Input for this task Block Start

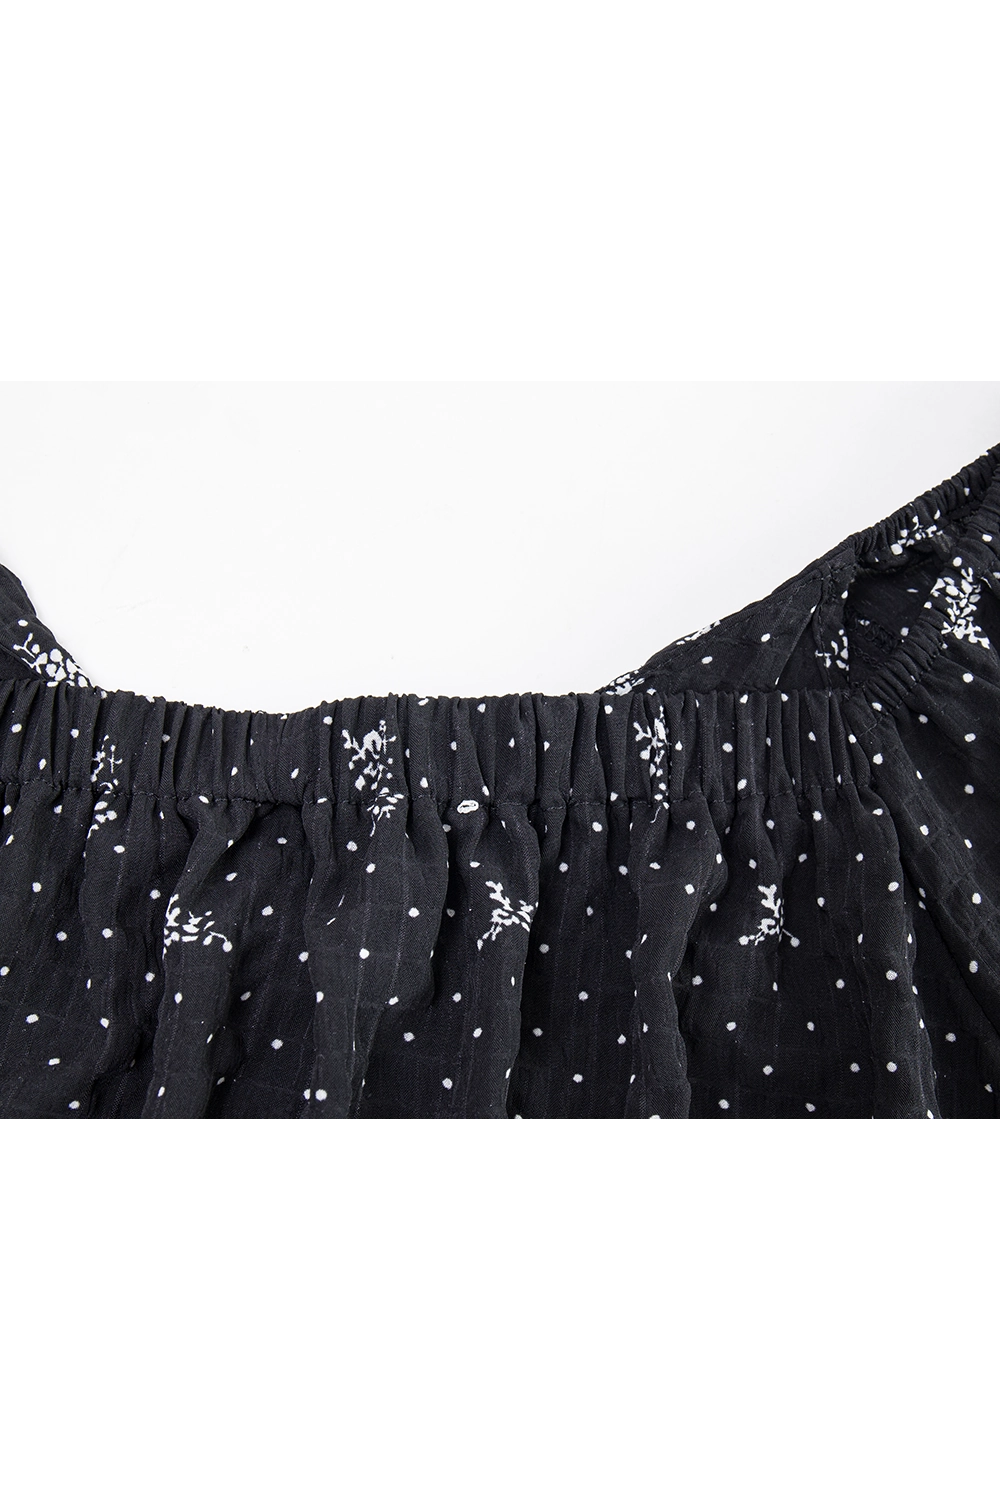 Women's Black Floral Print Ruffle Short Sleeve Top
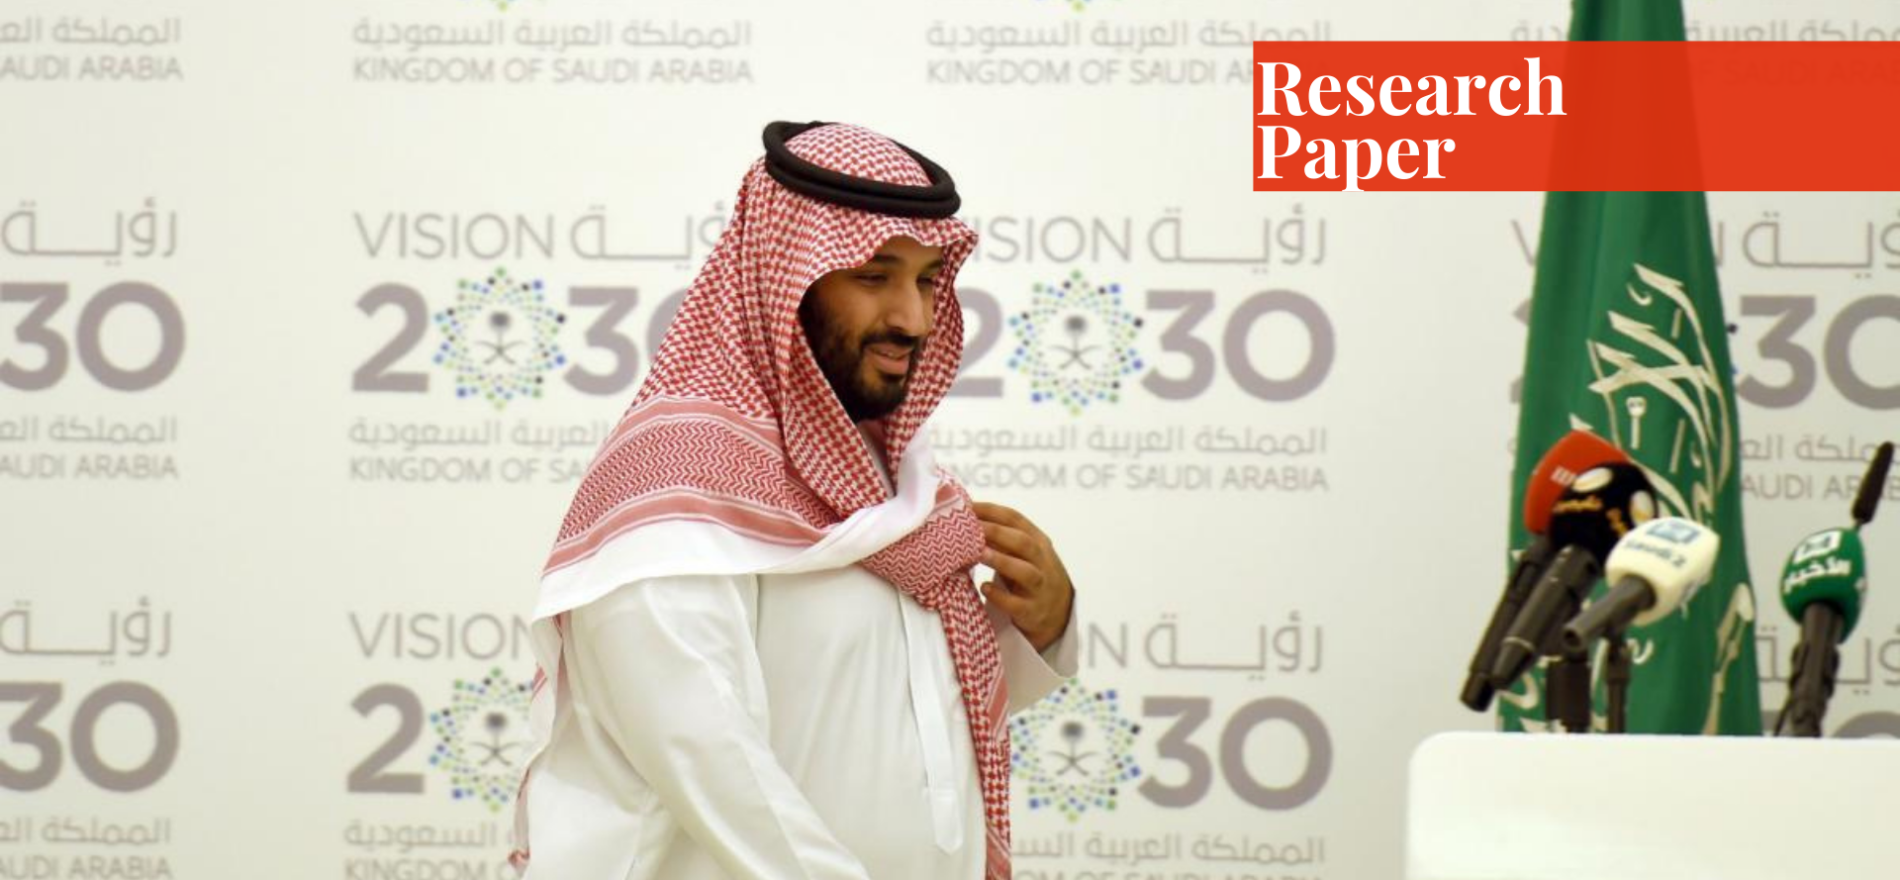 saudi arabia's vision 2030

Input for this task Block End
Input for this task Block Start

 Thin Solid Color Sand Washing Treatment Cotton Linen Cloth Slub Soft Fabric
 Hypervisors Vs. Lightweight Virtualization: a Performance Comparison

Input for this task Block End

Task details
Please output, exactly as written, the lines above from the one holding "Women's Black Floral" through the one holding "saudi arabia's vision 2030", both included, with the pictures omitted.

Solution to this exercise
 Women's Black Floral Print Ruffle Short Sleeve Top
 saudi arabia's vision 2030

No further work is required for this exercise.